Links

Notes

Formatted in a question / answer style

Introduction & Background

What is PowerDrill (PD)?

  • A web-based analysis tool built by Google AdWords team
  • The columnar storage backend and execution engine is called "PD Serving", and is the focus of this paper

What types of analysis can you do in PD?

  • Drilldown: start with the entire dataset and perform slice/filter/aggregate operations
  • UI consists of bar graphs (GROUP BY) and selection/filters (WHERE)
    • Bias towards discrete/categorical data (strings, dates, etc.)
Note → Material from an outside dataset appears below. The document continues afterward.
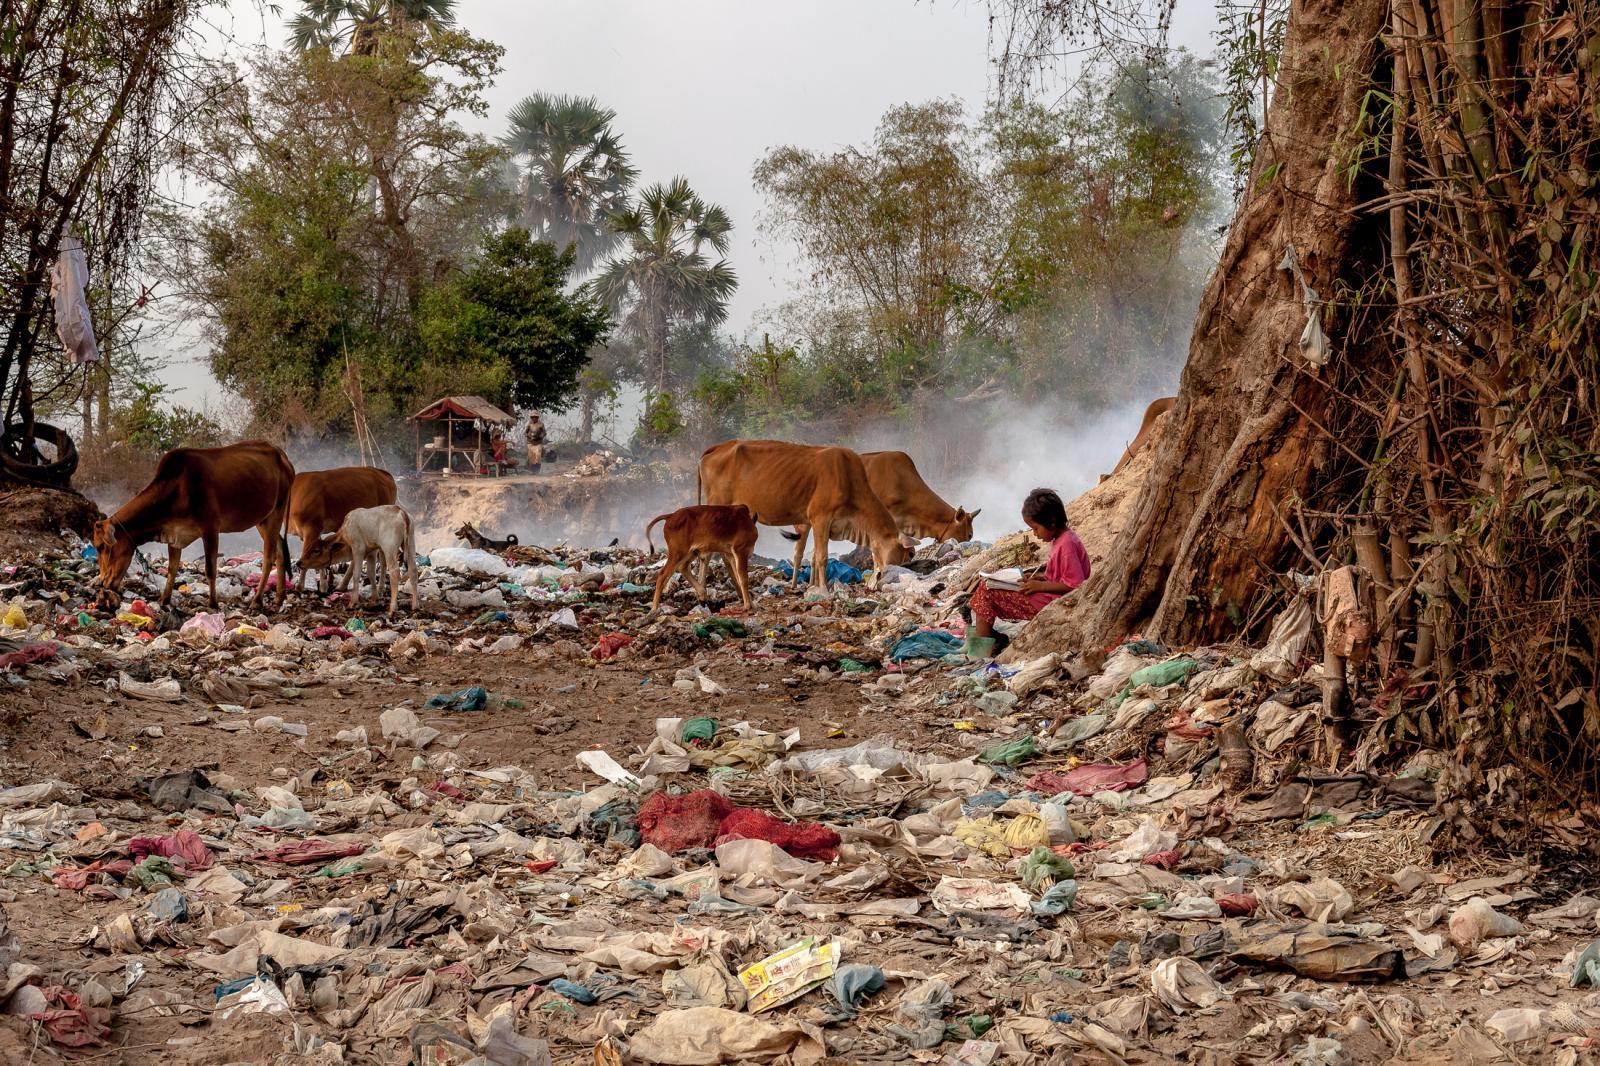 Photography image - Loading 003_Rubbish_Cambodia.jpg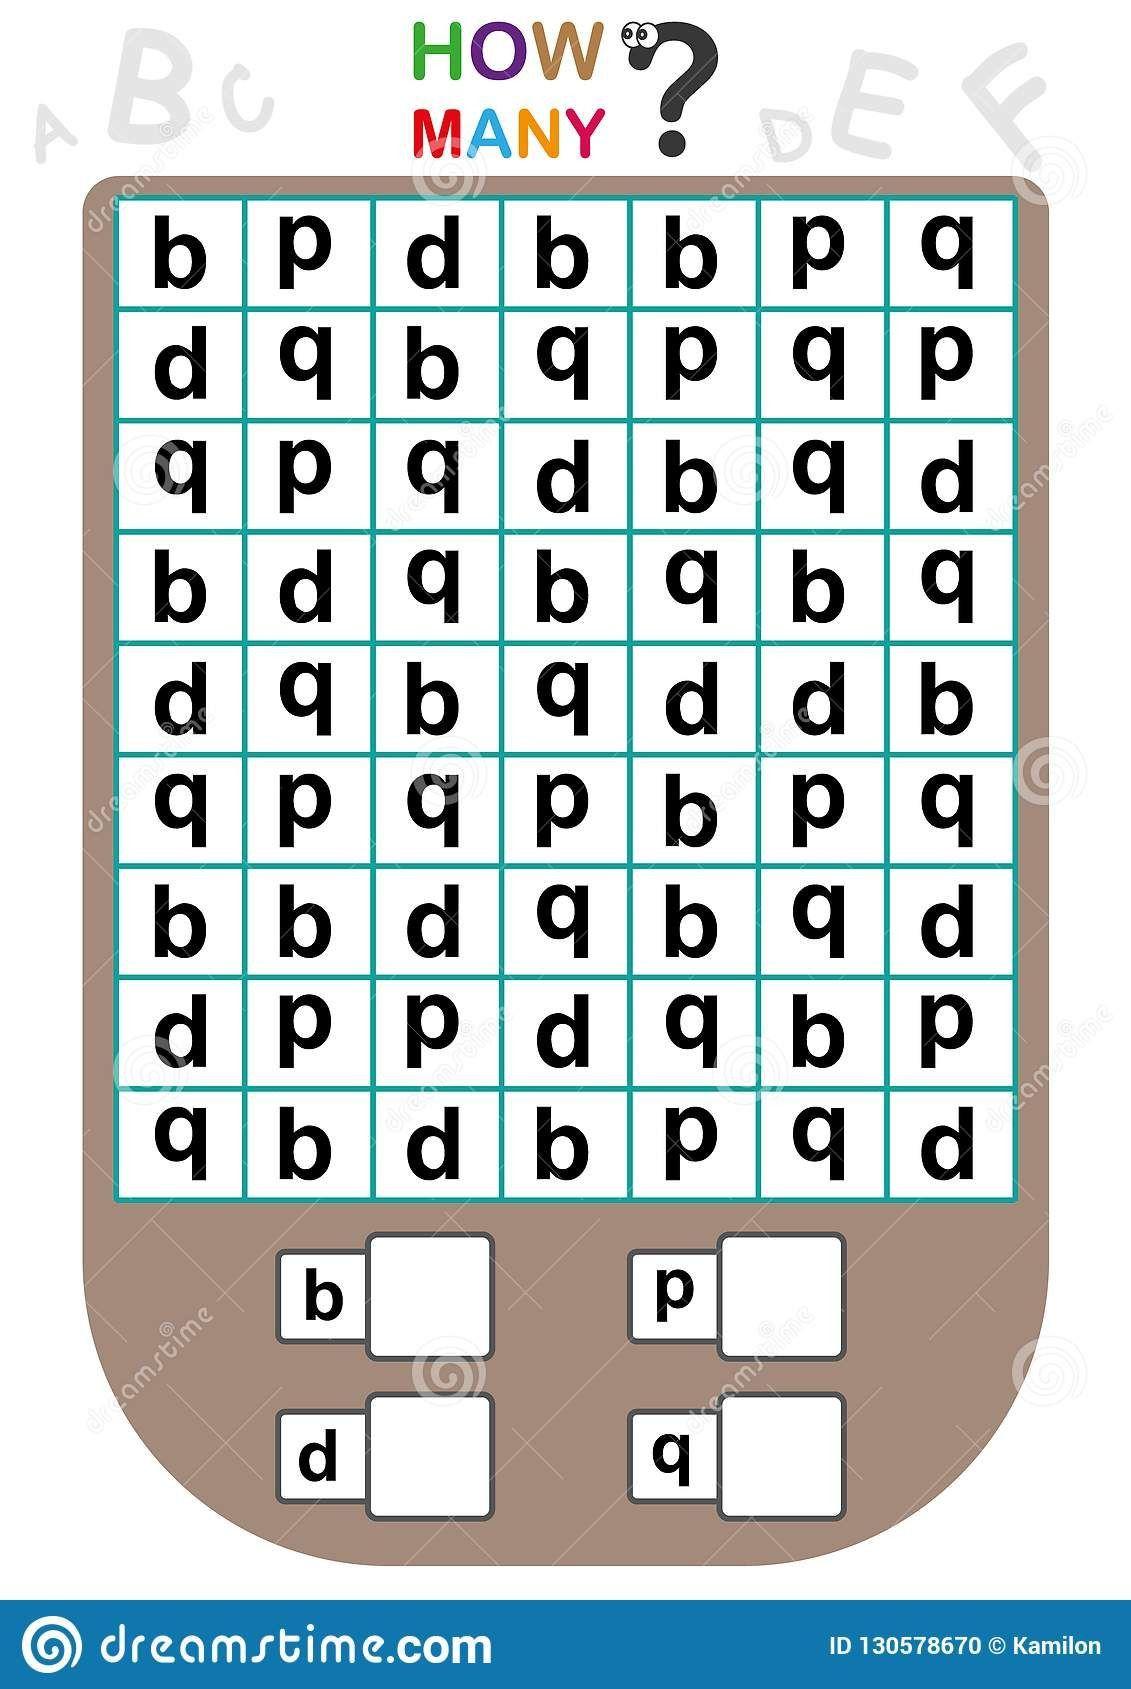 Dyslexia Worksheets For Kindergarten In 2021 Learning Worksheets Kindergarten Worksheets Kindergarten Worksheets Printable

What kind of data is being analyzed?

  • Paper is not specific about this, but video is
  • The most important AdWords datasets
  • Log data
    • lots of string columns (e.g. search query text)
    • Wide datasets: thousands of columns
  • Usecases given:
    • responding to user requests (support requests?)
    • spam analysis (somewhat interactive)
    • Generating alerts for mission-critical systems (clickfraud according to the video)

Who is using PD?

  • Google internal only
  • 800 monthly users, 4 million monthly queries (c. 2012)

Why use columnar storage?

  • Compression: same-typed data is lower entropy so yields higher compression rate
    • specialized compression techniques for certain datatypes (e.g. dictionary encoding, RLE)